Leave out the images and return all the data word for word.

▶ [Source data]
--------------------
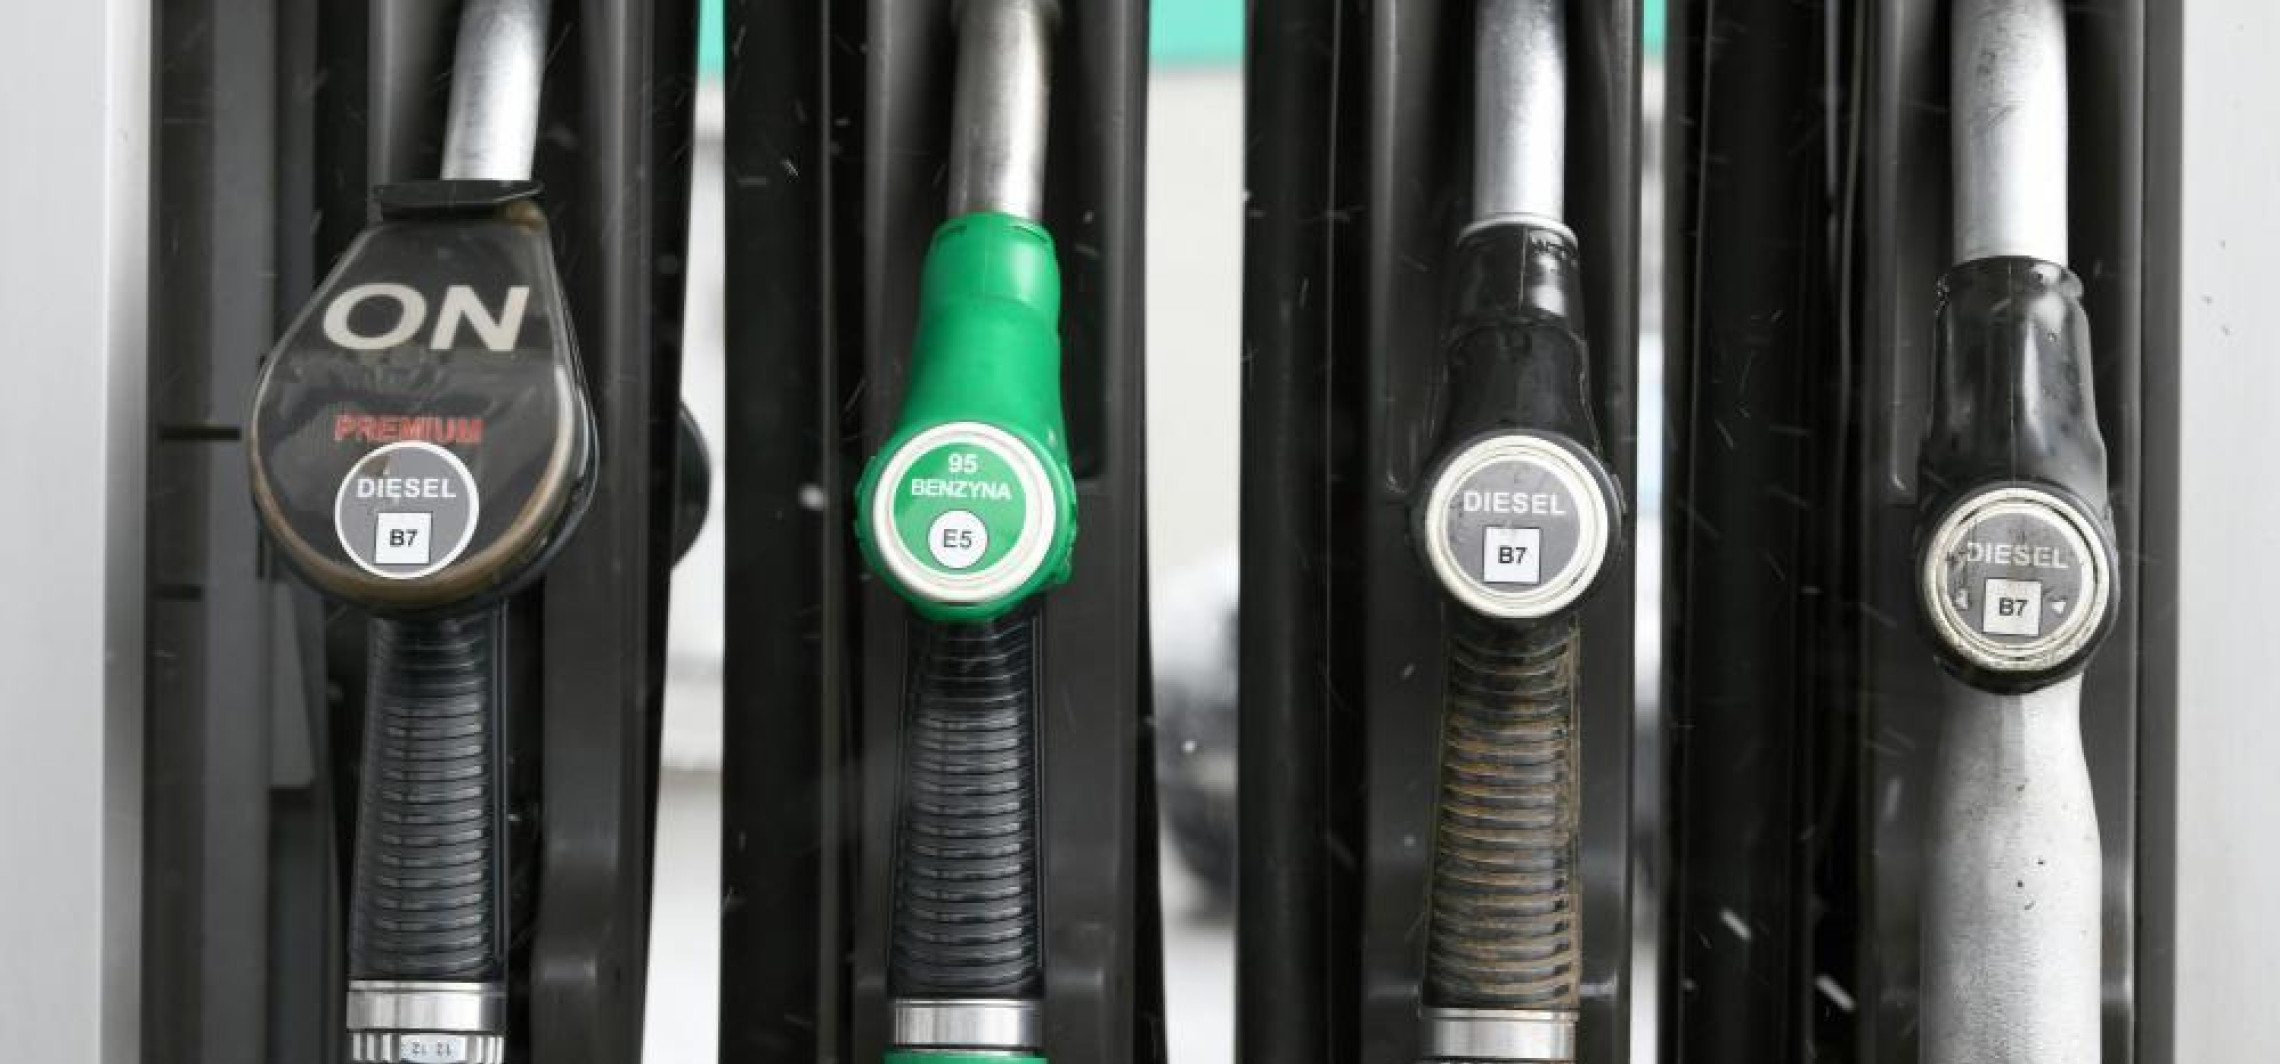 Analitycy: tempo podwyżek na stacjach najwyższe od lat - diesel i benzyna ponad 5 zł
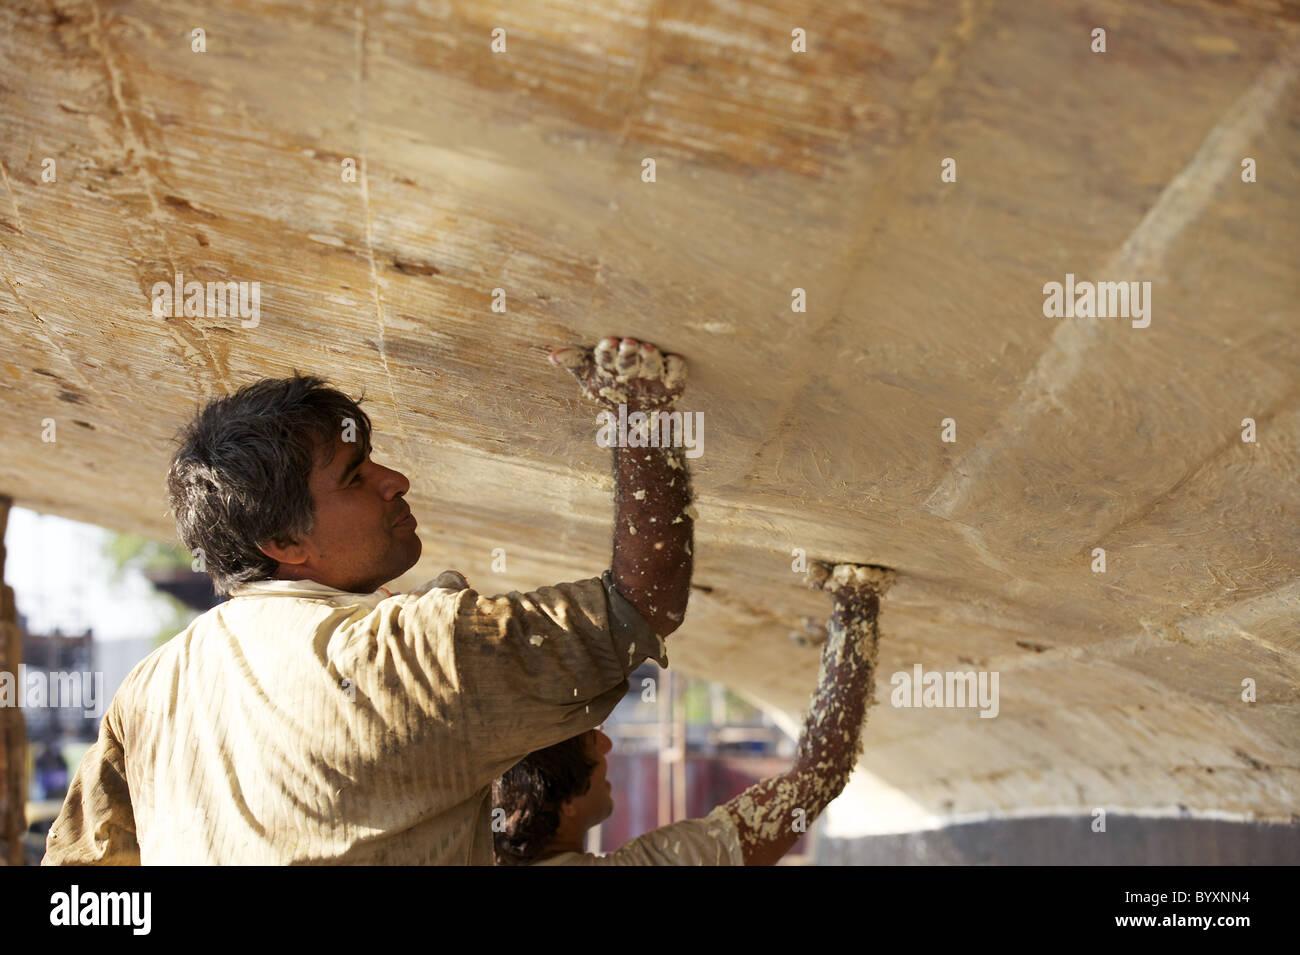 Due lavoratori applicare un sigillante al lato inferiore di una dhow nel cantiere Jaddaf, Dubai, UAE Immagini Stock
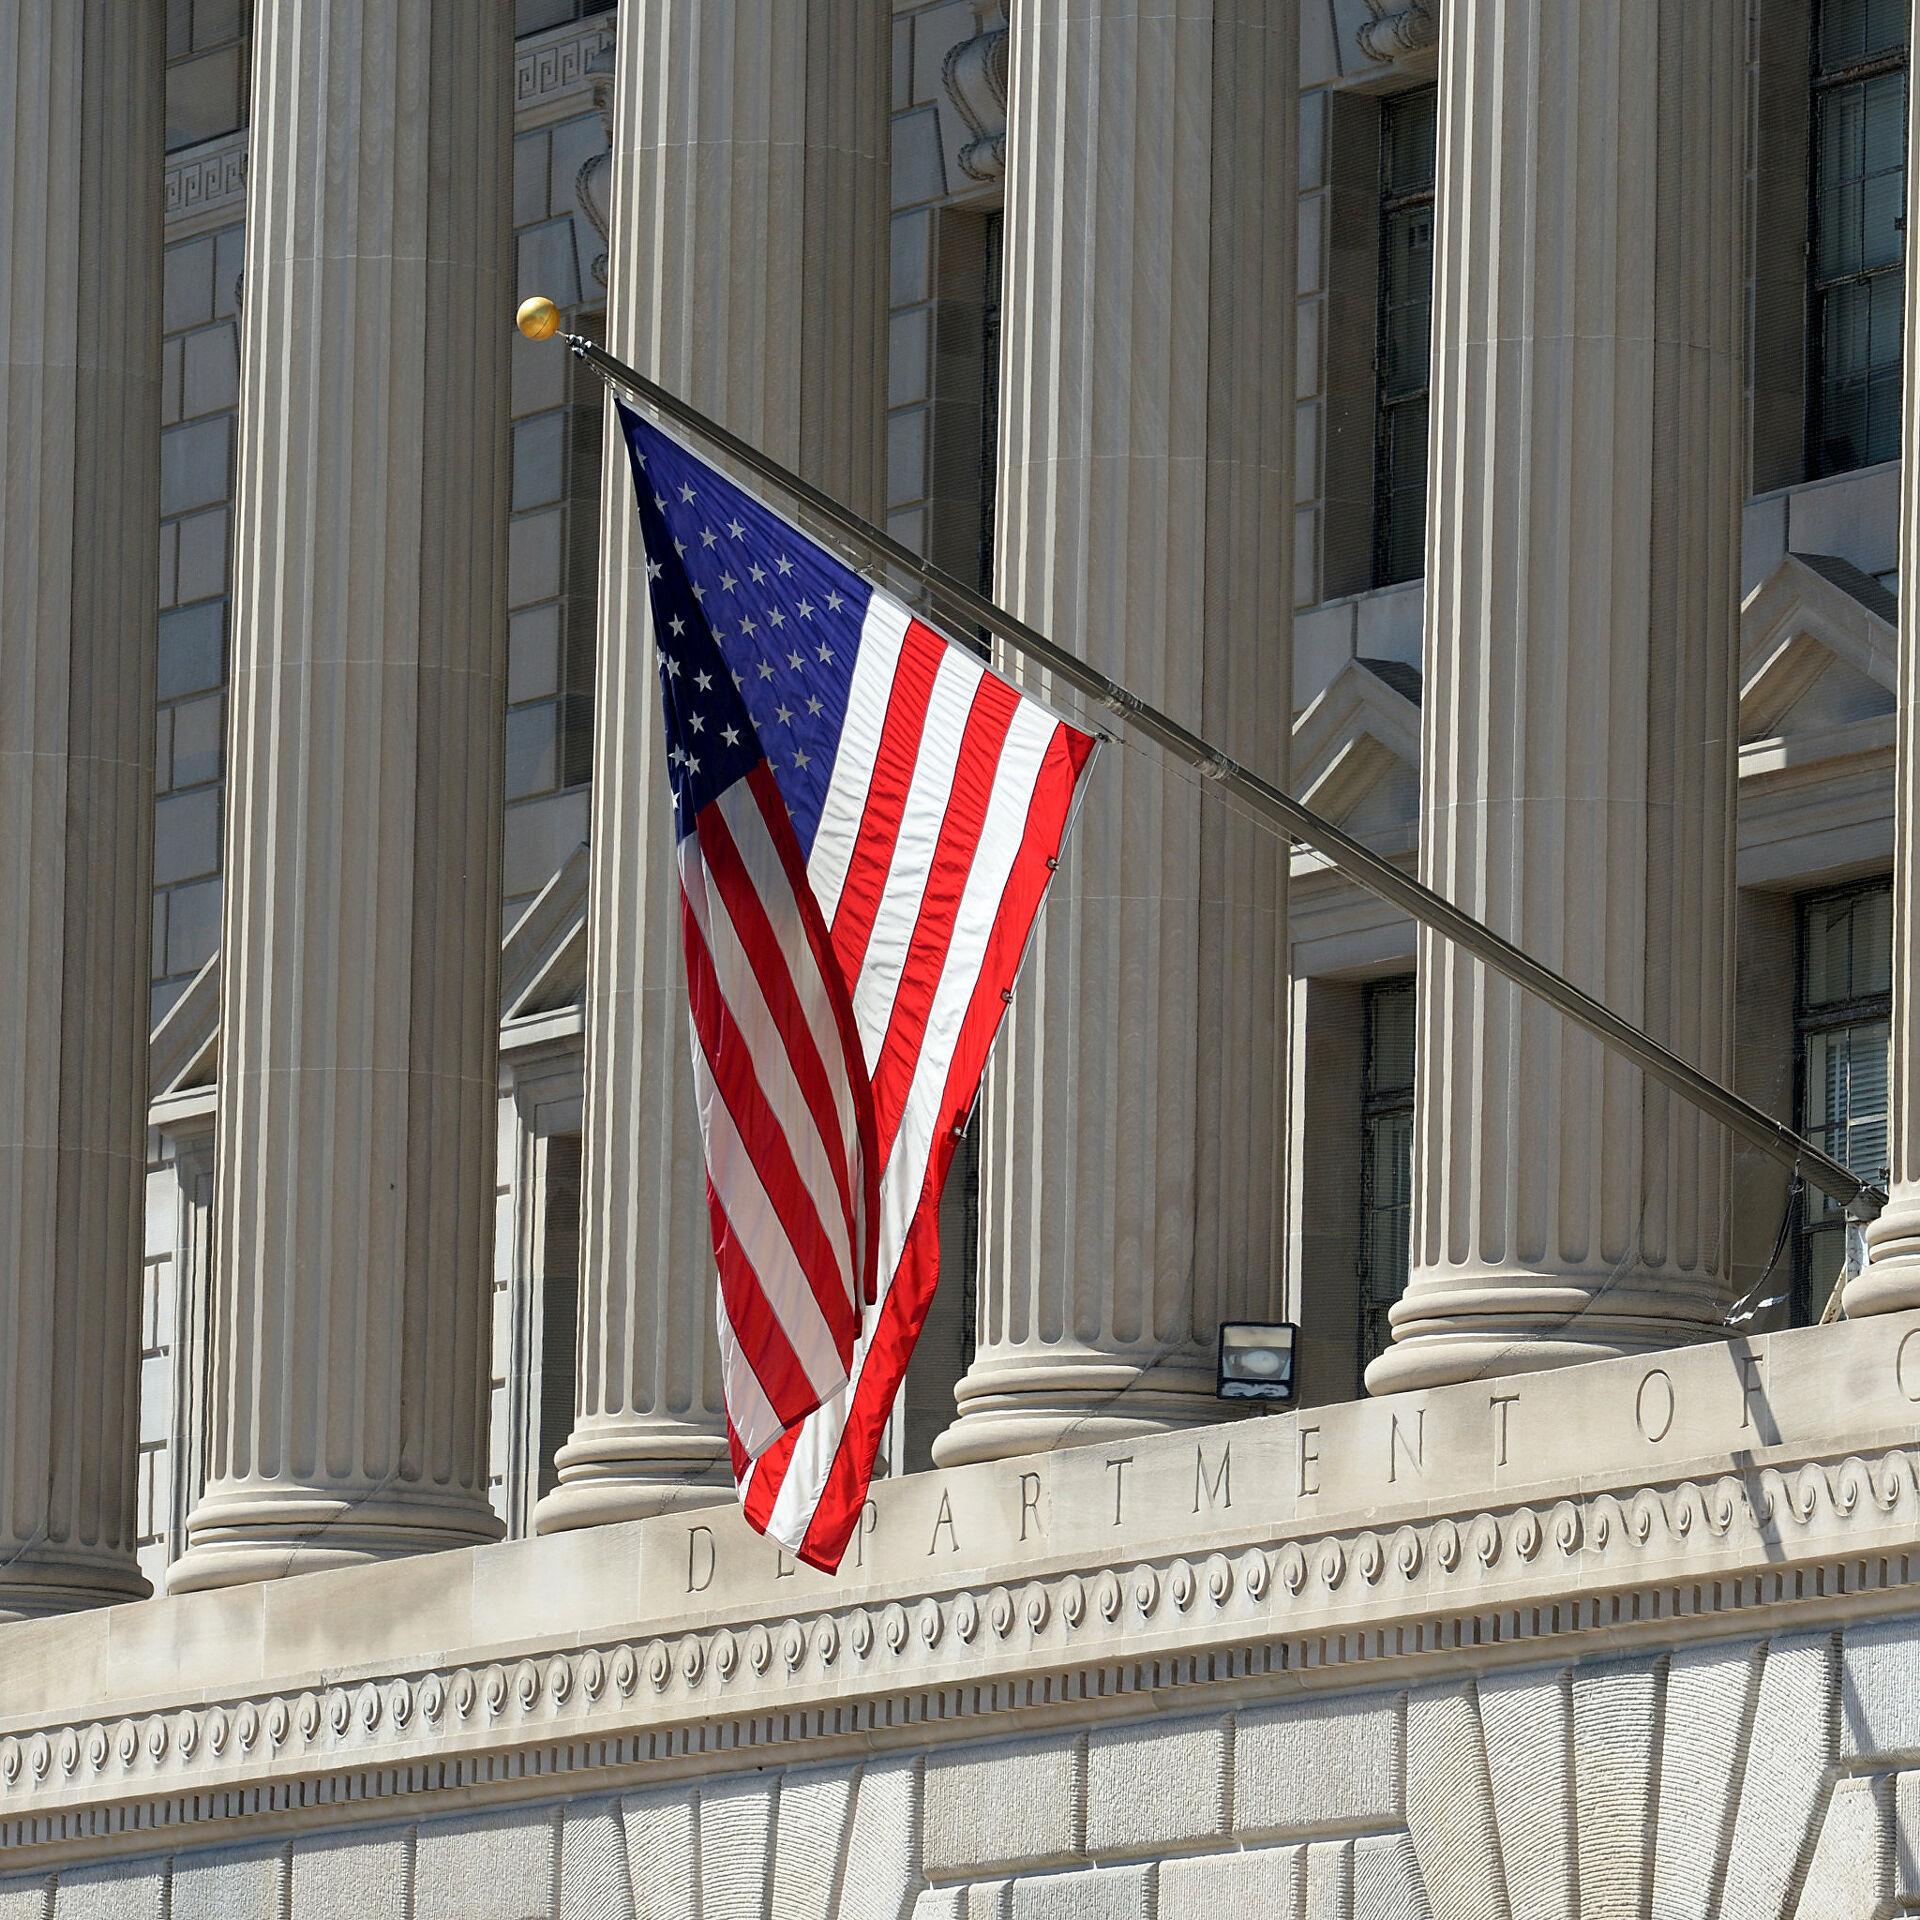 САД: И даље смо одлучни да предузмемо све неопходне и пропорционалне кораке за заустављање гасовода који представља претњу за националне интересе европских савезника
--------------------
▶ [Reply]
 Analitycy: tempo podwyżek na stacjach najwyższe od lat - diesel i benzyna ponad 5 zł
 Due lavoratori applicare un sigillante al lato inferiore di una dhow nel cantiere Jaddaf, Dubai, UAE Immagini Stock
 САД: И даље смо одлучни да предузмемо све неопходне и пропорционалне кораке за заустављање гасовода који представља претњу за националне интересе европских савезника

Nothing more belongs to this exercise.